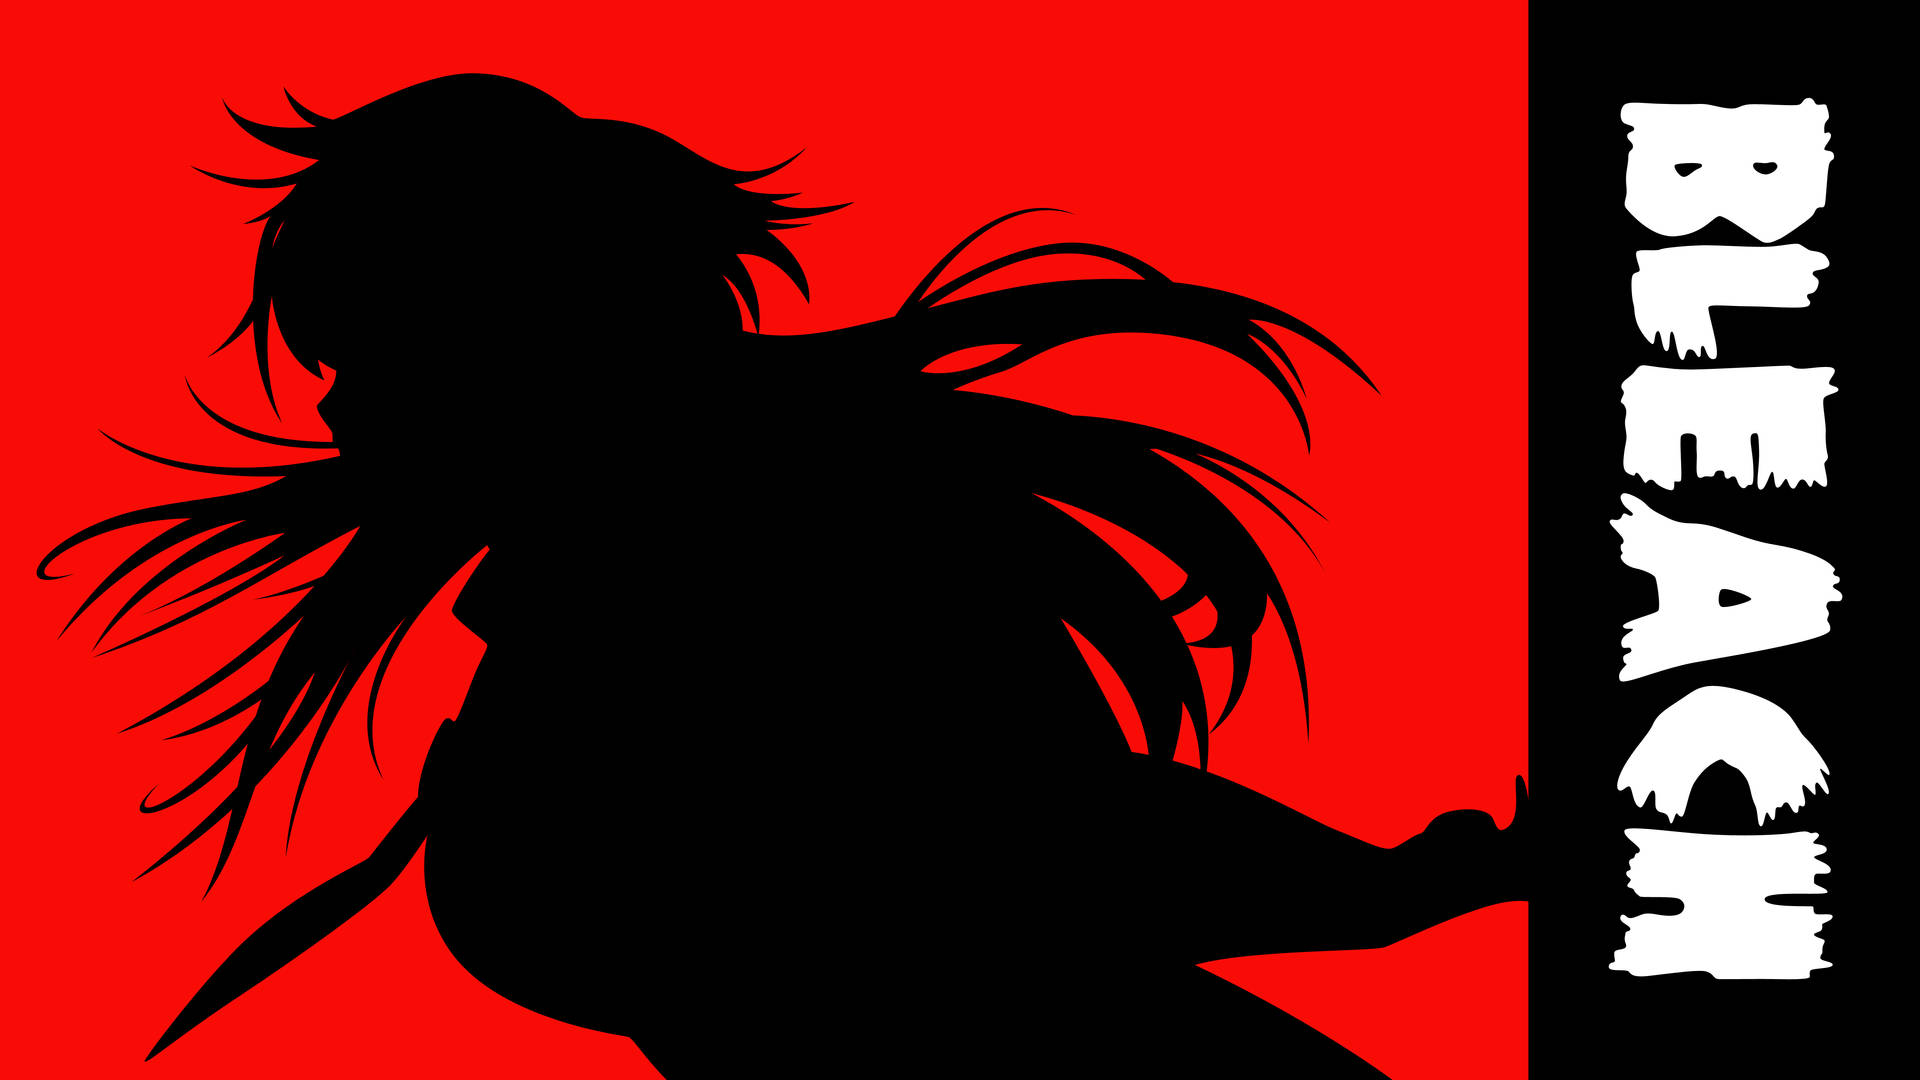 Orihime Inoue Silhouette Bleach 4k Ultra Hd Poster Background
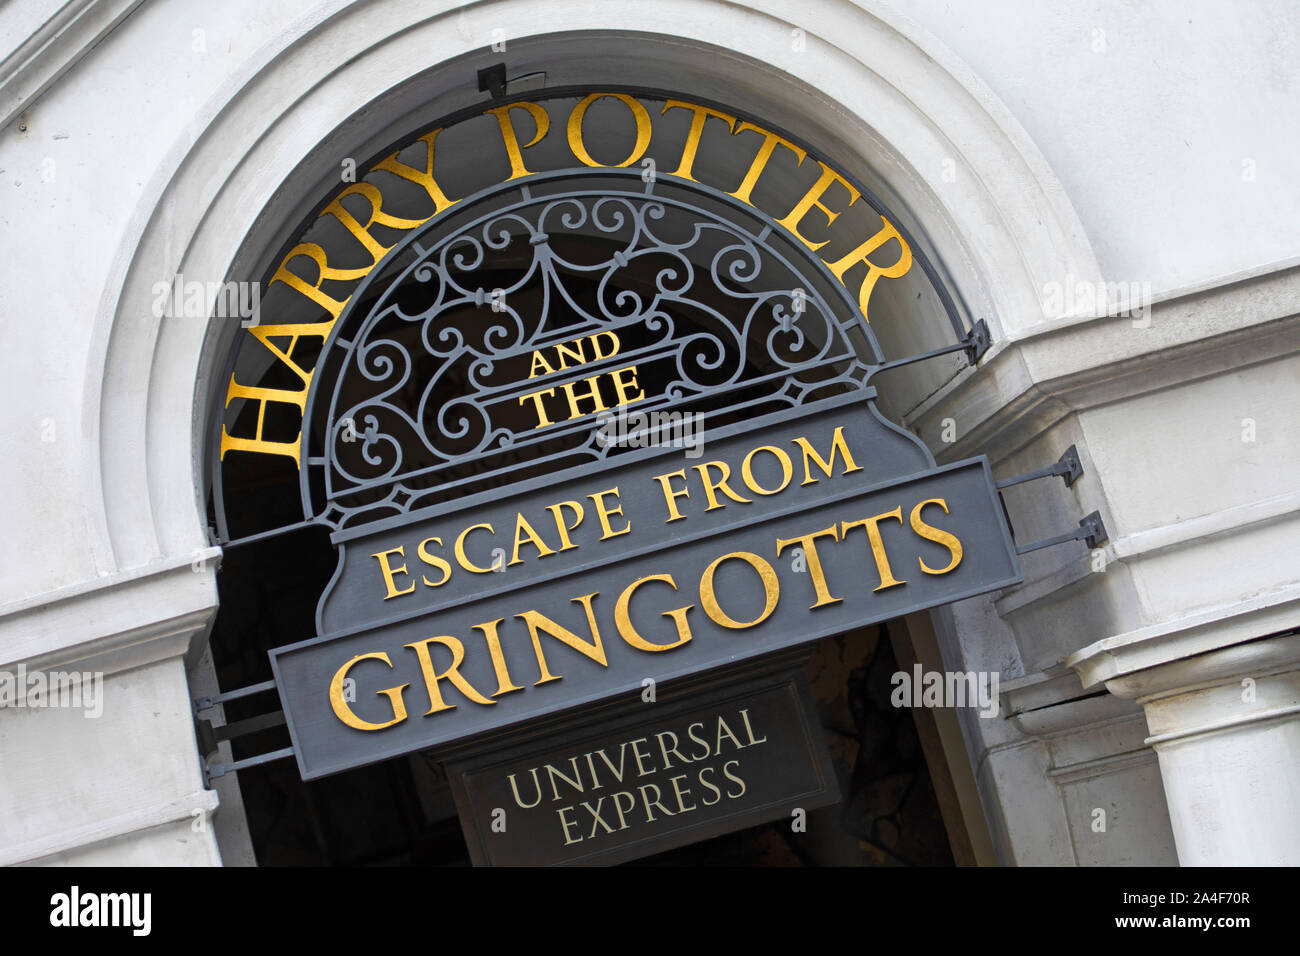 Escape from Gringotts, Bank,  Universal Express entrance to Ride, Diagon Alley, Wizarding World of Harry Potter, Universal Studios Resort, Orlando, Stock Photo
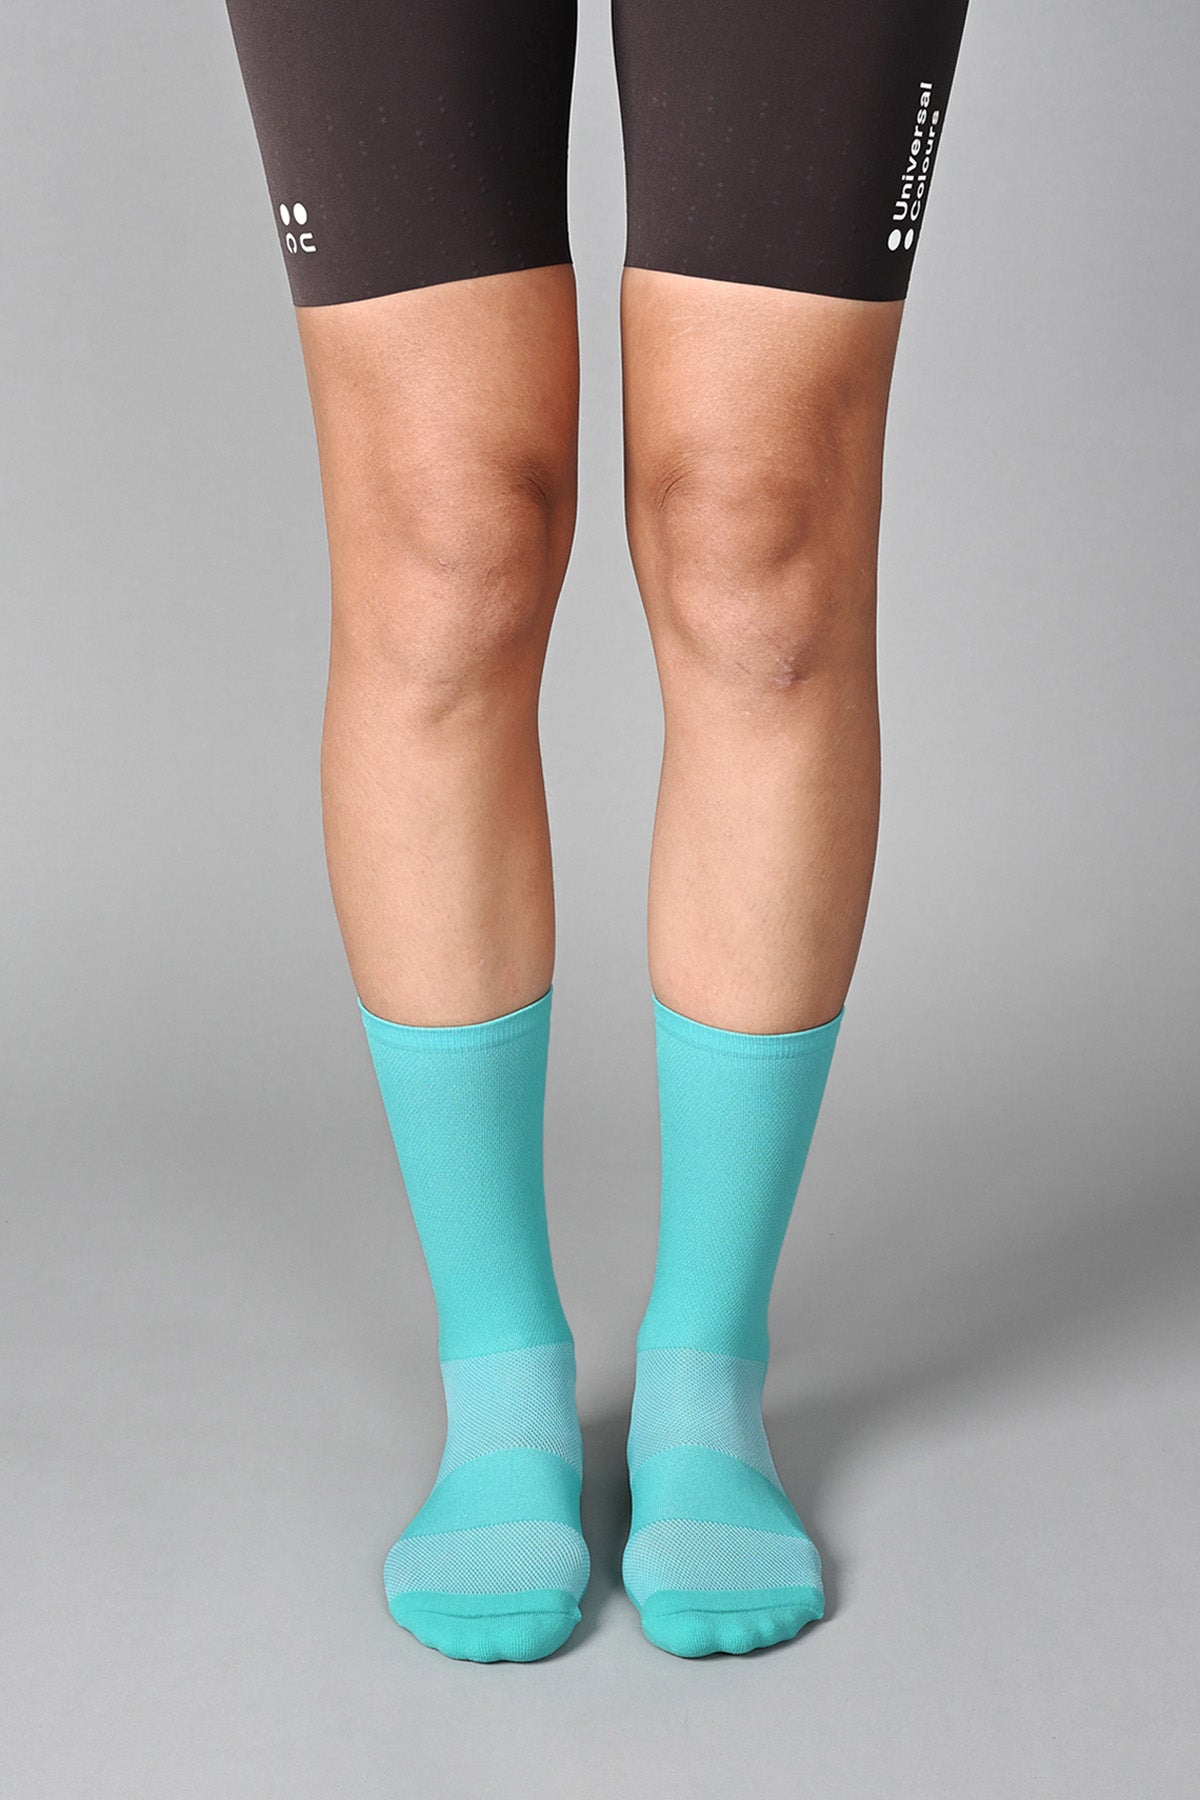 STEALTH - TIFFANY BLUE FRONT | BEST CYCLING SOCKS

Task to complete: For this exercise, return the data above exactly and leave every picture out.

Output of the task:
 Orihime Inoue Silhouette Bleach 4k Ultra Hd Poster Background
 Escape from Gringotts, Bank,  Universal Express entrance to Ride, Diagon Alley, Wizarding World of Harry Potter, Universal Studios Resort, Orlando, Stock Photo
 STEALTH - TIFFANY BLUE FRONT | BEST CYCLING SOCKS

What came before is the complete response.